§ **Dataset**
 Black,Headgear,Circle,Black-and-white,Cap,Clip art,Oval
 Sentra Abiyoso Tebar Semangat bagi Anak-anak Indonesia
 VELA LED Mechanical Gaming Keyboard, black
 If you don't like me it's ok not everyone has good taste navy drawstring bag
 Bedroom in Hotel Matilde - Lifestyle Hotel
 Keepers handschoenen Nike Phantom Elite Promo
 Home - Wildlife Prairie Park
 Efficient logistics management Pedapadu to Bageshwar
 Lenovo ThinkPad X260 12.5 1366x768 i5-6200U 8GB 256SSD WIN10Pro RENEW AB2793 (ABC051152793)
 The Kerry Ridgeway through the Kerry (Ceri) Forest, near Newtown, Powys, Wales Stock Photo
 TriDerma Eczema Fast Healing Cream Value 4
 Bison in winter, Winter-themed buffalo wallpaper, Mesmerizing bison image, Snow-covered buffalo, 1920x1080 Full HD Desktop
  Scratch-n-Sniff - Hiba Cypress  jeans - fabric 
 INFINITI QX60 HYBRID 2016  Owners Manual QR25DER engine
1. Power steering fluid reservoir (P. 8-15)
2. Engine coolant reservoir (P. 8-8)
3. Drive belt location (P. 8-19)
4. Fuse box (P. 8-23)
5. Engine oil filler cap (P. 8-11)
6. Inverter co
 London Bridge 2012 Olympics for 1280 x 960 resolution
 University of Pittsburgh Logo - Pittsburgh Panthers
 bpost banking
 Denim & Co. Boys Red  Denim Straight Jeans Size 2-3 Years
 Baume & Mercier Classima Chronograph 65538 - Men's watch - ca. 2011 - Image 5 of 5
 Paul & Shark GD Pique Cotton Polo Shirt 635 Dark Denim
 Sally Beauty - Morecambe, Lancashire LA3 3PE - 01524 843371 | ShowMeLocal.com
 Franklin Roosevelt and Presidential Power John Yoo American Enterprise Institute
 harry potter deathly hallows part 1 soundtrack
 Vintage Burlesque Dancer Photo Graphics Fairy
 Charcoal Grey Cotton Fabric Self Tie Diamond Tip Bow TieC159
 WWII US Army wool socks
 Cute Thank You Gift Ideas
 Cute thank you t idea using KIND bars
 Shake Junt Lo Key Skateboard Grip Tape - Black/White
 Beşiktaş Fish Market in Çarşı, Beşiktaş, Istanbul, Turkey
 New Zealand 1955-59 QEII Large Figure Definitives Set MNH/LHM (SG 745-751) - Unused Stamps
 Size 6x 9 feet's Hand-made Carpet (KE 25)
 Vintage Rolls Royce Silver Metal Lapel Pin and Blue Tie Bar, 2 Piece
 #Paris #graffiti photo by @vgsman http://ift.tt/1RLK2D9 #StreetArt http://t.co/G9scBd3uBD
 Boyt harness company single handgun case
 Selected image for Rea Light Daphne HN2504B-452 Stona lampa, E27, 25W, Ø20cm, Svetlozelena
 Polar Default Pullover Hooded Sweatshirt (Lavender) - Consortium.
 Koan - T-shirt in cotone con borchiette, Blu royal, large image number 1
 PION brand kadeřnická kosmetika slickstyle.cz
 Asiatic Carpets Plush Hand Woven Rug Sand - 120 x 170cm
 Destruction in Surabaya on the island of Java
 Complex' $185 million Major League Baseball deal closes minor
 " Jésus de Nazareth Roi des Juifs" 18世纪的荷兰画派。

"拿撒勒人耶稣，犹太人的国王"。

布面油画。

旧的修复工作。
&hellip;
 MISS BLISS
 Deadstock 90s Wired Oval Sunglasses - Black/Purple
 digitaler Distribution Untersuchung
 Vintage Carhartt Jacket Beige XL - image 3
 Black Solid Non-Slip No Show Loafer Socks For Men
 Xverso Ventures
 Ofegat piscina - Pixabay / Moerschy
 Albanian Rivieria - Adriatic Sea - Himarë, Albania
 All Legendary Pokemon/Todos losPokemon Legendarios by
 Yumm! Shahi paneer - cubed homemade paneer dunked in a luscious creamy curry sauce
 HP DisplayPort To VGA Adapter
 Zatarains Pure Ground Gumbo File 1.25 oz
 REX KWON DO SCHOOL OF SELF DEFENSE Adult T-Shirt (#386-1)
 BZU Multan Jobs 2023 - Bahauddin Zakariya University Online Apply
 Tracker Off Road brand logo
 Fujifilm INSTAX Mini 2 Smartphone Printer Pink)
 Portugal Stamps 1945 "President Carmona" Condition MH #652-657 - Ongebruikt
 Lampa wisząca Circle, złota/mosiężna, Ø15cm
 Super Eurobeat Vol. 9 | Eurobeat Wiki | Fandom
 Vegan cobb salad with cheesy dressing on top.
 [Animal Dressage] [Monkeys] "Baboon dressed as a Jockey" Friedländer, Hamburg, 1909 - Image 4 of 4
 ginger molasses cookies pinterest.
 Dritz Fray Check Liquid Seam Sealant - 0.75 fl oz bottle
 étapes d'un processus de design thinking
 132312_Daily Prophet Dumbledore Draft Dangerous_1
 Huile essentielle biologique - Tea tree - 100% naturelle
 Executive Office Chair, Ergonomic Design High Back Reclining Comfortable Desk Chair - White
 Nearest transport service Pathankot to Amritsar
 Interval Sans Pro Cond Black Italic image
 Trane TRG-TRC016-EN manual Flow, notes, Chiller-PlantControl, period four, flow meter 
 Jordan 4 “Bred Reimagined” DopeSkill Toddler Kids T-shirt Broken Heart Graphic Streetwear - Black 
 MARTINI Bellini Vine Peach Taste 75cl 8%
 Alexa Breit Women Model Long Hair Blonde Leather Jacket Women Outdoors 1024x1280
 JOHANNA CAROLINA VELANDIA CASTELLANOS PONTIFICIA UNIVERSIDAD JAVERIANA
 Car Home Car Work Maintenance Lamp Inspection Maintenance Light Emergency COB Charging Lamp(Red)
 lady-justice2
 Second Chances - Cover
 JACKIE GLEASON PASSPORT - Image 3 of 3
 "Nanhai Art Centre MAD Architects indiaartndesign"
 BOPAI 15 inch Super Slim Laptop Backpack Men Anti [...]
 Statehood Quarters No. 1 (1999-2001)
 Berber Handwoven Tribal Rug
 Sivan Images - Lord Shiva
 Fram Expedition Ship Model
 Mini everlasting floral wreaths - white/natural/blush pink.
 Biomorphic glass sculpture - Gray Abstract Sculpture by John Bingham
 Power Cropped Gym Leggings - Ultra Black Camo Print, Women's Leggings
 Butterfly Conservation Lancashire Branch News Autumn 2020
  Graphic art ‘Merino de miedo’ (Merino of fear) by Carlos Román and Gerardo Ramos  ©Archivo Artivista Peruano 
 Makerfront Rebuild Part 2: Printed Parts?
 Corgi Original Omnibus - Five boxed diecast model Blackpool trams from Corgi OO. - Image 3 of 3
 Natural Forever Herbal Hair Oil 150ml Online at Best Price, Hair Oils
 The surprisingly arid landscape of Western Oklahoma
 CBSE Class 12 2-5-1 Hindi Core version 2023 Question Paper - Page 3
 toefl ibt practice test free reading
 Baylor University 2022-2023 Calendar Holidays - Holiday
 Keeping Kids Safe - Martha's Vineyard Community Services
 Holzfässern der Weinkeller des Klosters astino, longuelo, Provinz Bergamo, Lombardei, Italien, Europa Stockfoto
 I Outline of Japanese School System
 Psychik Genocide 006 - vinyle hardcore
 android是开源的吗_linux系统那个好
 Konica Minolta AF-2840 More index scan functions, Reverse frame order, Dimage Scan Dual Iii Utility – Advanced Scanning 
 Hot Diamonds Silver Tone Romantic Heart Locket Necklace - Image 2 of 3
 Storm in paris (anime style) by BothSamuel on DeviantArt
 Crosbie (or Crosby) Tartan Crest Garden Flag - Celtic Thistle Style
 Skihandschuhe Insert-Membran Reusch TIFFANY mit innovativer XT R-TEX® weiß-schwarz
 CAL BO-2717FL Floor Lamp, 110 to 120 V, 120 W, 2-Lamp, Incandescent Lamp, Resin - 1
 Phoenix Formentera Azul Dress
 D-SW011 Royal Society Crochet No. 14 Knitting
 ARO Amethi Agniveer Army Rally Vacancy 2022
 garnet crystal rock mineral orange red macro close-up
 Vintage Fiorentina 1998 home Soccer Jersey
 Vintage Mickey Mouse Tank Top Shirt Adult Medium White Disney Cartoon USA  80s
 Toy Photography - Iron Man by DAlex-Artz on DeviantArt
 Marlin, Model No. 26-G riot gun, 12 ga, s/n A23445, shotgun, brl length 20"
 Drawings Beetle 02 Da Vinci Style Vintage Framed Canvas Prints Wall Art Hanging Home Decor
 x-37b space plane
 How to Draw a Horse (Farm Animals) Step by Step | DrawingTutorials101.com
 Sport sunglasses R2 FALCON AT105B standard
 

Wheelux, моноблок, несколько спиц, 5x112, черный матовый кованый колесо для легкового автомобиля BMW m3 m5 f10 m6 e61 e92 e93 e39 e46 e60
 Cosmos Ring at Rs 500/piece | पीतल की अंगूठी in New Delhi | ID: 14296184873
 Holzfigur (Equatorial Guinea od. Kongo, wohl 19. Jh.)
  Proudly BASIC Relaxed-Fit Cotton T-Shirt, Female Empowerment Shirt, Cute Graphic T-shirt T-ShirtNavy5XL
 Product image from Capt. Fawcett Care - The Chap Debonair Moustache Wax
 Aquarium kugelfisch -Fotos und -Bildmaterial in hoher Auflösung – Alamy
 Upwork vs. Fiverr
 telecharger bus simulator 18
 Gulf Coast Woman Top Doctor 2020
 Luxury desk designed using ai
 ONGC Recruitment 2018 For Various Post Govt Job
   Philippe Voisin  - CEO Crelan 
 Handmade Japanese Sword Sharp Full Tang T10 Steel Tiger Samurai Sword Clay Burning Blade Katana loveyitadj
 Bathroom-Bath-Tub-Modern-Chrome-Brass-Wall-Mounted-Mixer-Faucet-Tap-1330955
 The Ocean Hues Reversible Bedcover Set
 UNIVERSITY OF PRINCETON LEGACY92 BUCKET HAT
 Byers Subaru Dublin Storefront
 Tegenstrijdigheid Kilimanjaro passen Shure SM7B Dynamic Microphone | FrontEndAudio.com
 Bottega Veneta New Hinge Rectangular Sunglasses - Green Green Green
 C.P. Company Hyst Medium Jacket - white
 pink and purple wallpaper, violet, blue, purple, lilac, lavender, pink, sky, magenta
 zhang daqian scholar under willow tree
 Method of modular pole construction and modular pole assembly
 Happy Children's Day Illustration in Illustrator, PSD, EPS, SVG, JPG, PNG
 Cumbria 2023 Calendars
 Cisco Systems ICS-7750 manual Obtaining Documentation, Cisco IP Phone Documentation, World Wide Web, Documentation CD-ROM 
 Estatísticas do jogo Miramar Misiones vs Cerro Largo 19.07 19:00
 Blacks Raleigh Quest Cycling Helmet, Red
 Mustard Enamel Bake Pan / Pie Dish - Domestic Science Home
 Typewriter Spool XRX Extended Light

§ **Problem**
Look through the entries above and find each line where the word "Jacket" occurs; copy those lines.

§ **Answer to this exercise**
 Vintage Carhartt Jacket Beige XL - image 3
 Alexa Breit Women Model Long Hair Blonde Leather Jacket Women Outdoors 1024x1280
 C.P. Company Hyst Medium Jacket - white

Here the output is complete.